# Brief
For the records below, copy exactly the span that begins at the line containing "Alpha Omega Strength and Strongman" and stops after the line containing "Robbins Media Group LLC", minus any pictures.

# Supplied data
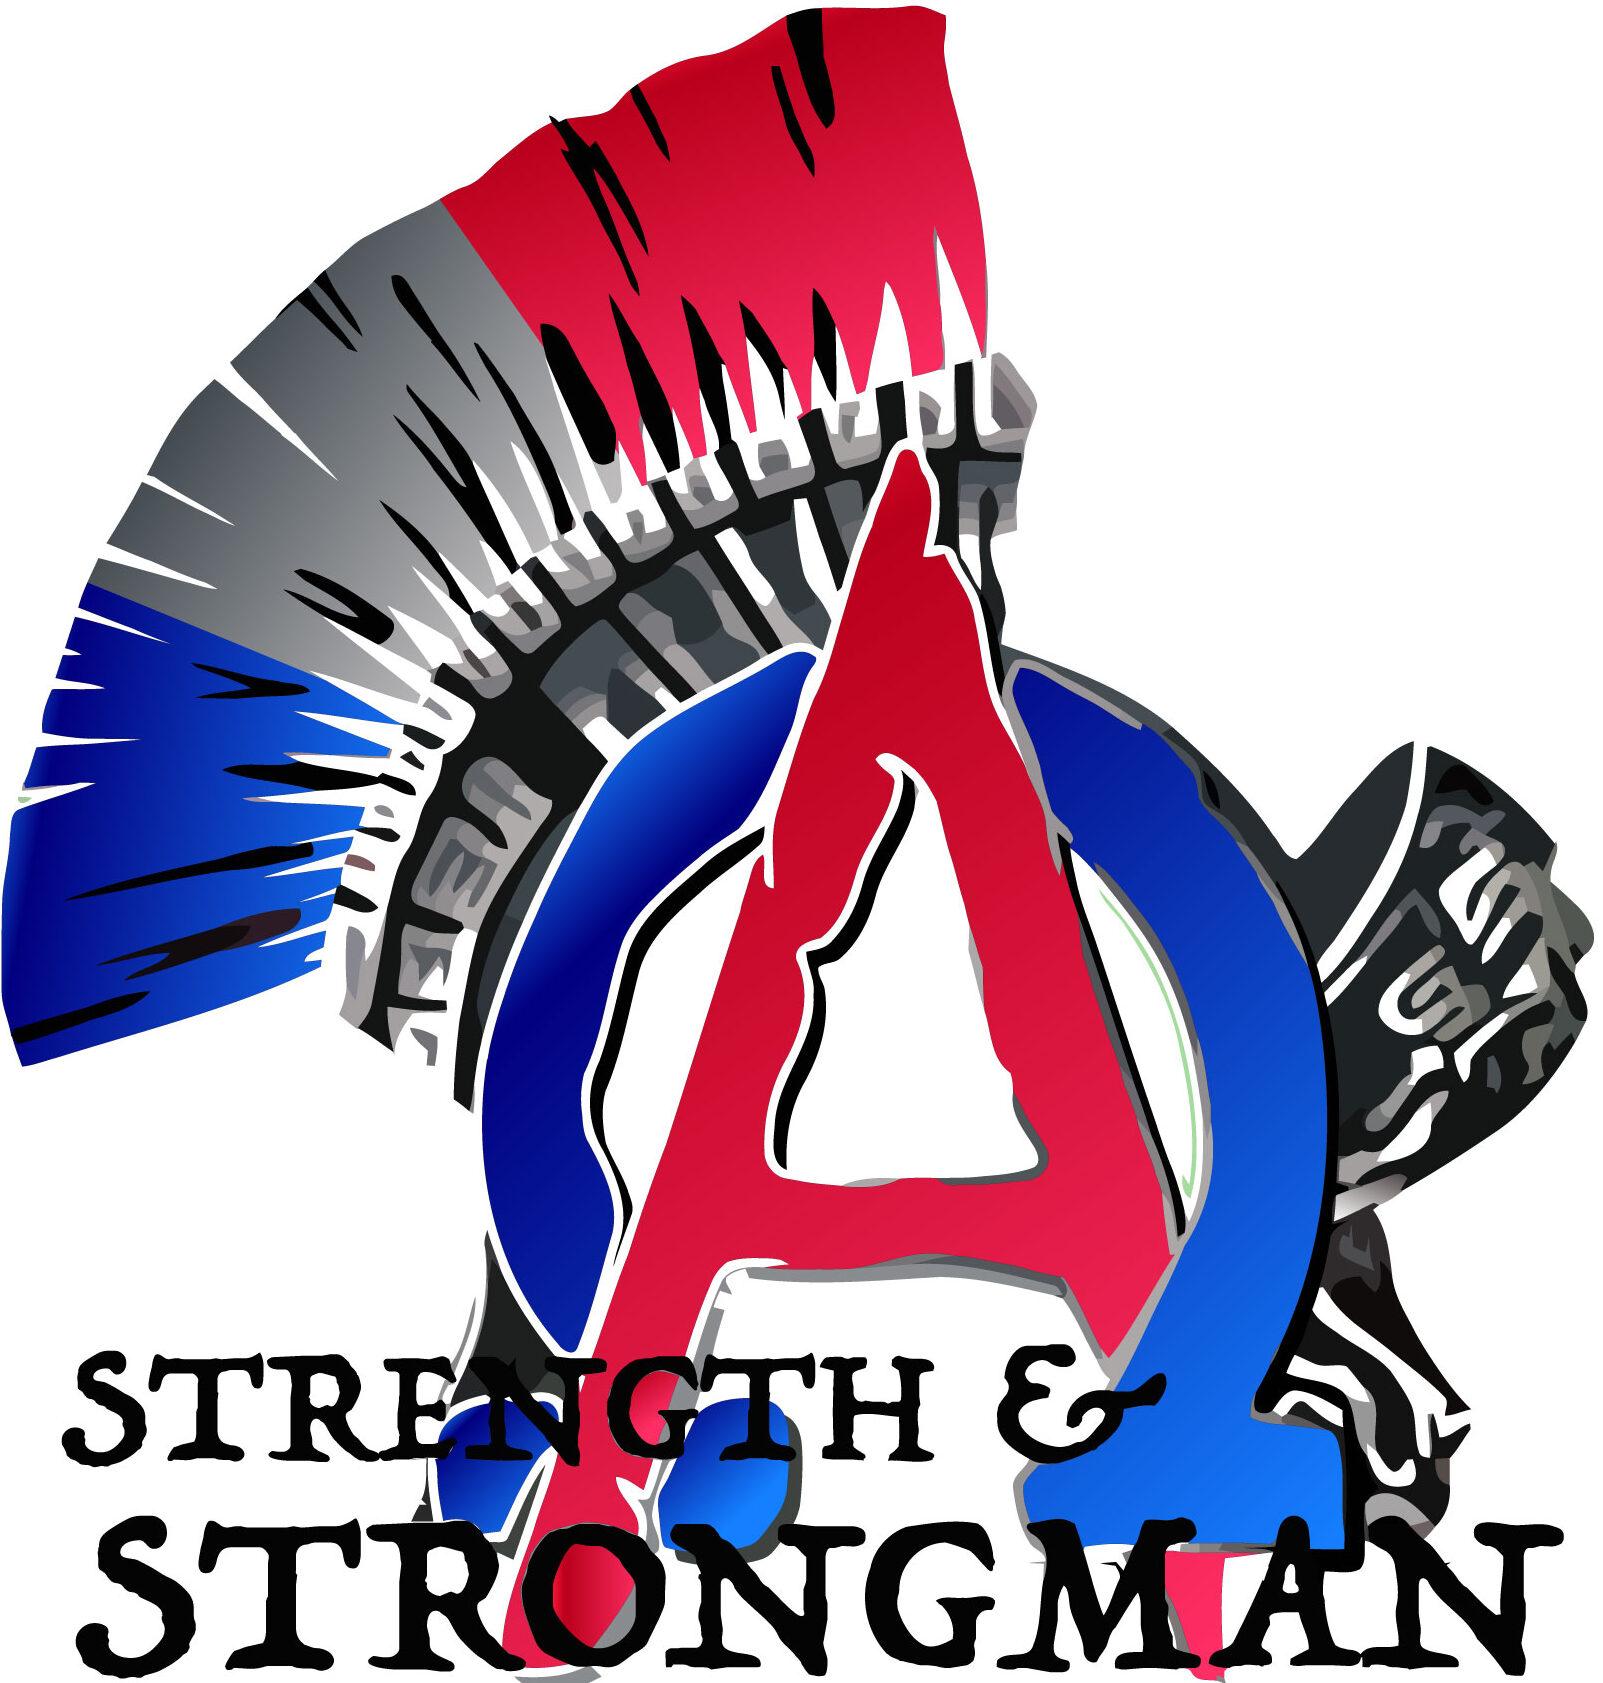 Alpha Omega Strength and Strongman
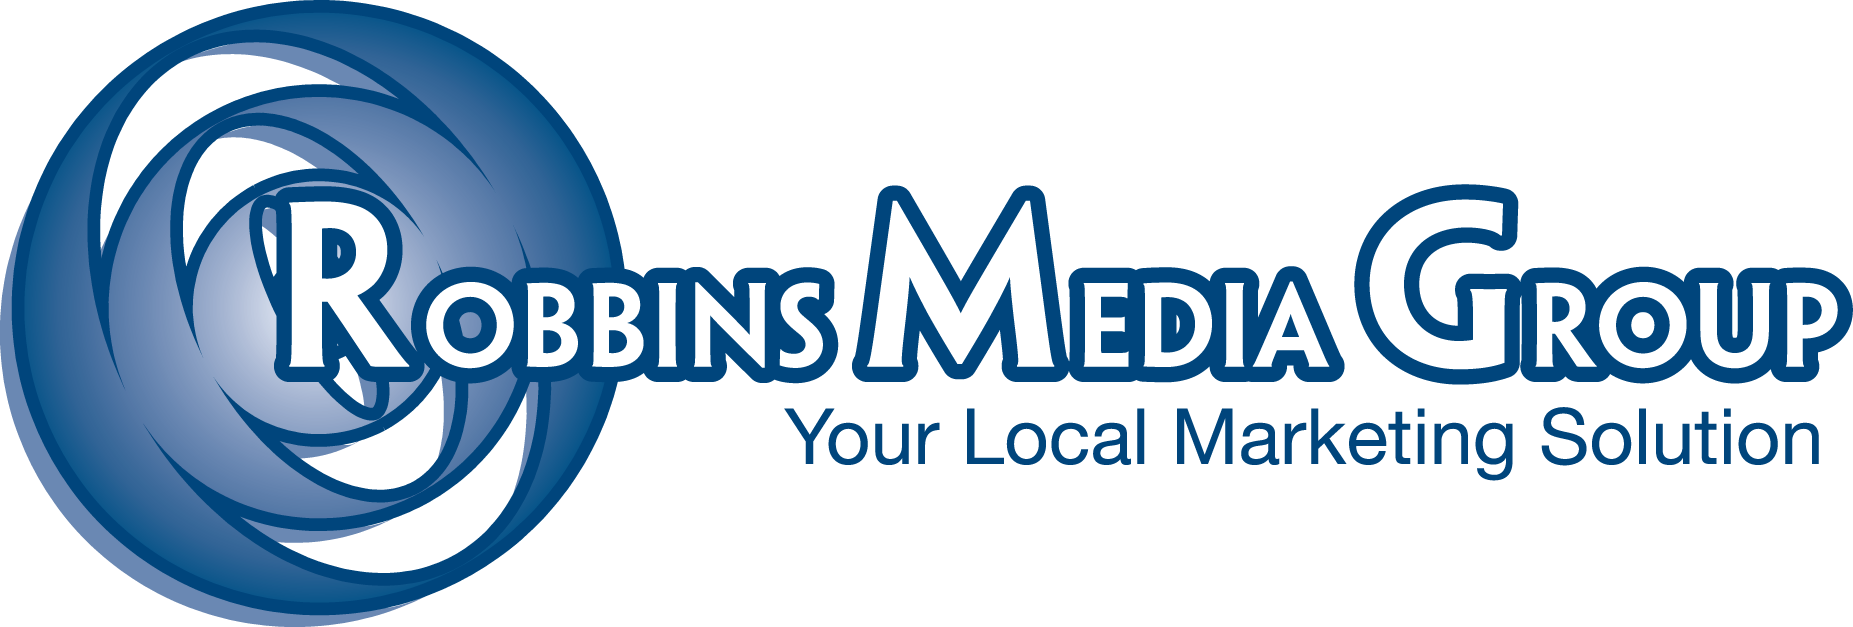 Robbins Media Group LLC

* * *

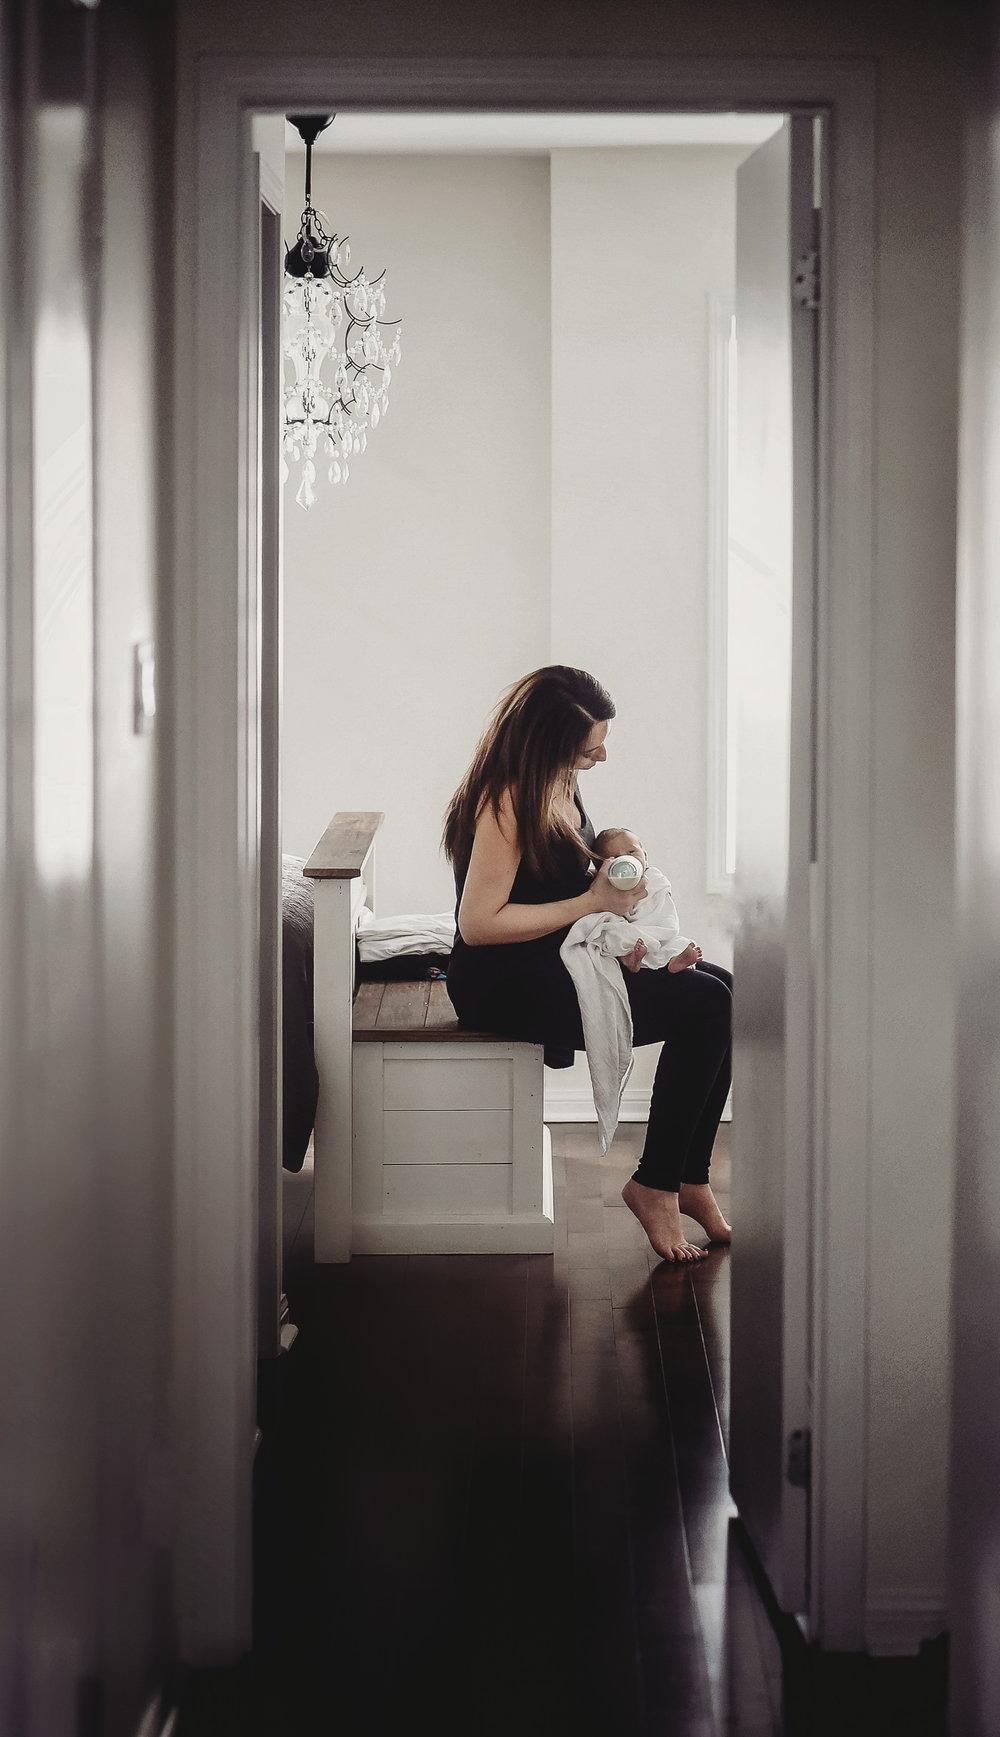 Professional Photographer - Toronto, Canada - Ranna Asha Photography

==

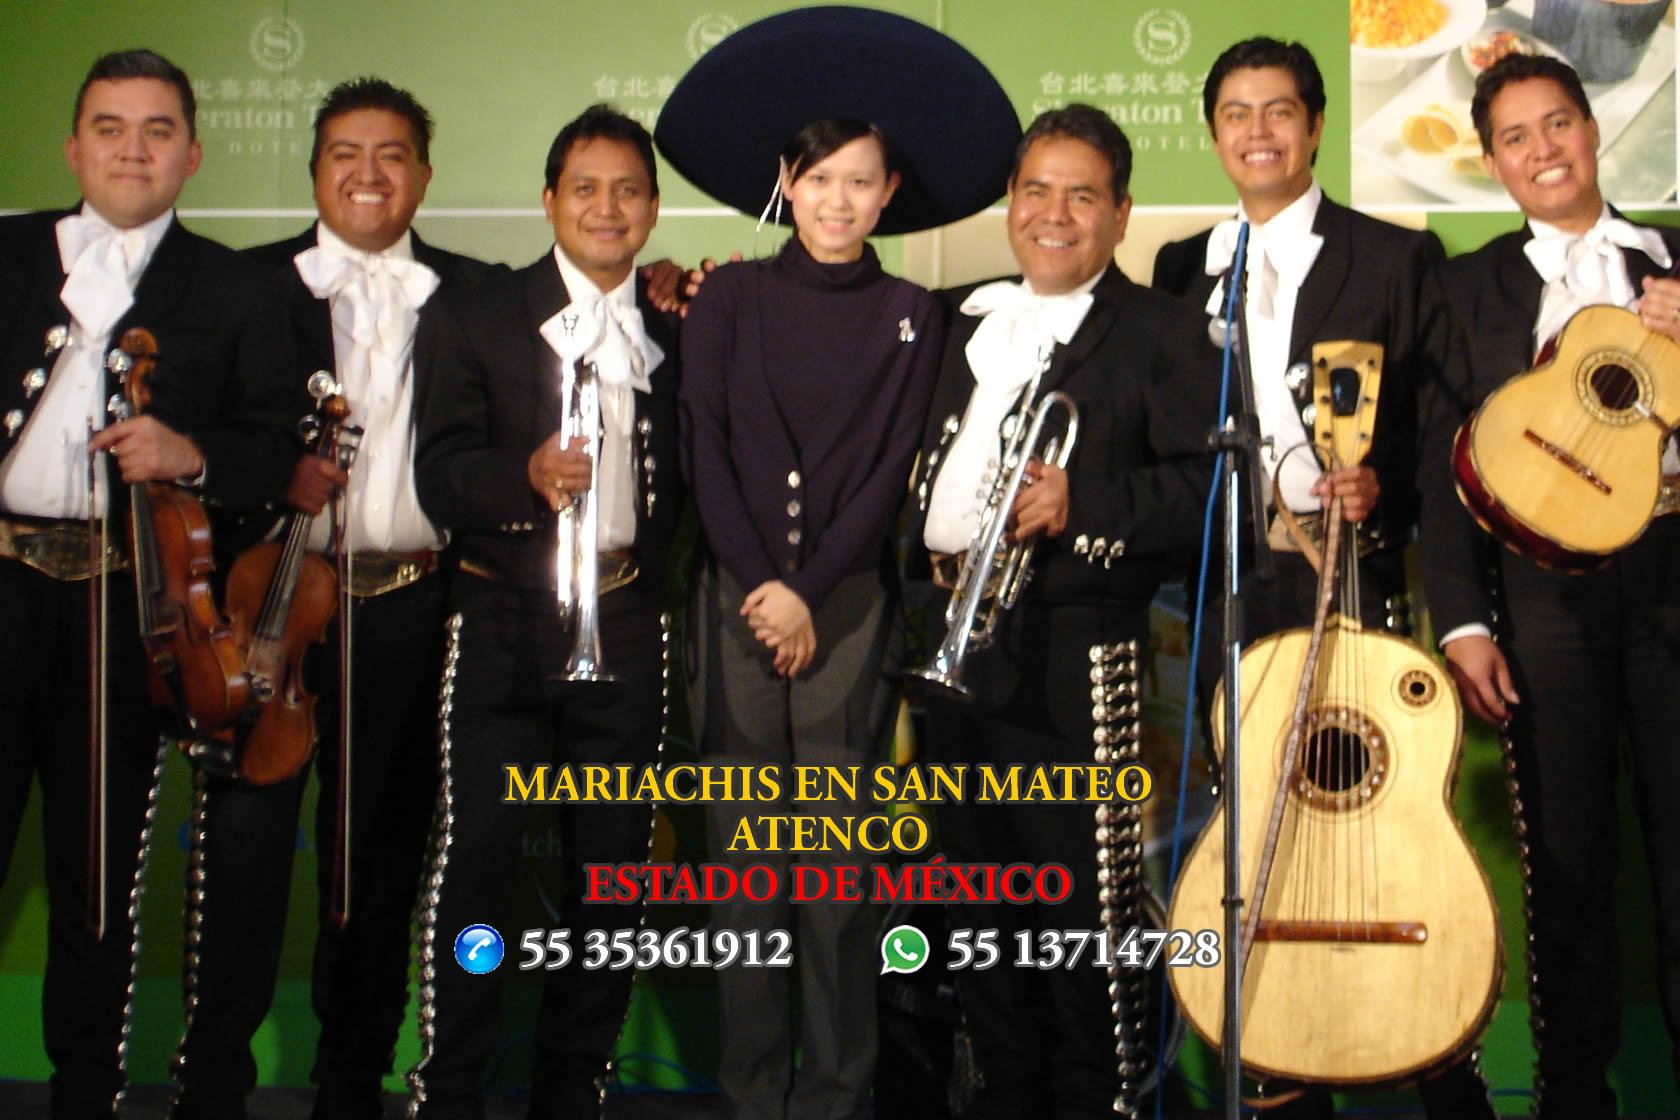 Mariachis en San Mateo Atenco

# Response
 Alpha Omega Strength and Strongman
 Robbins Media Group LLC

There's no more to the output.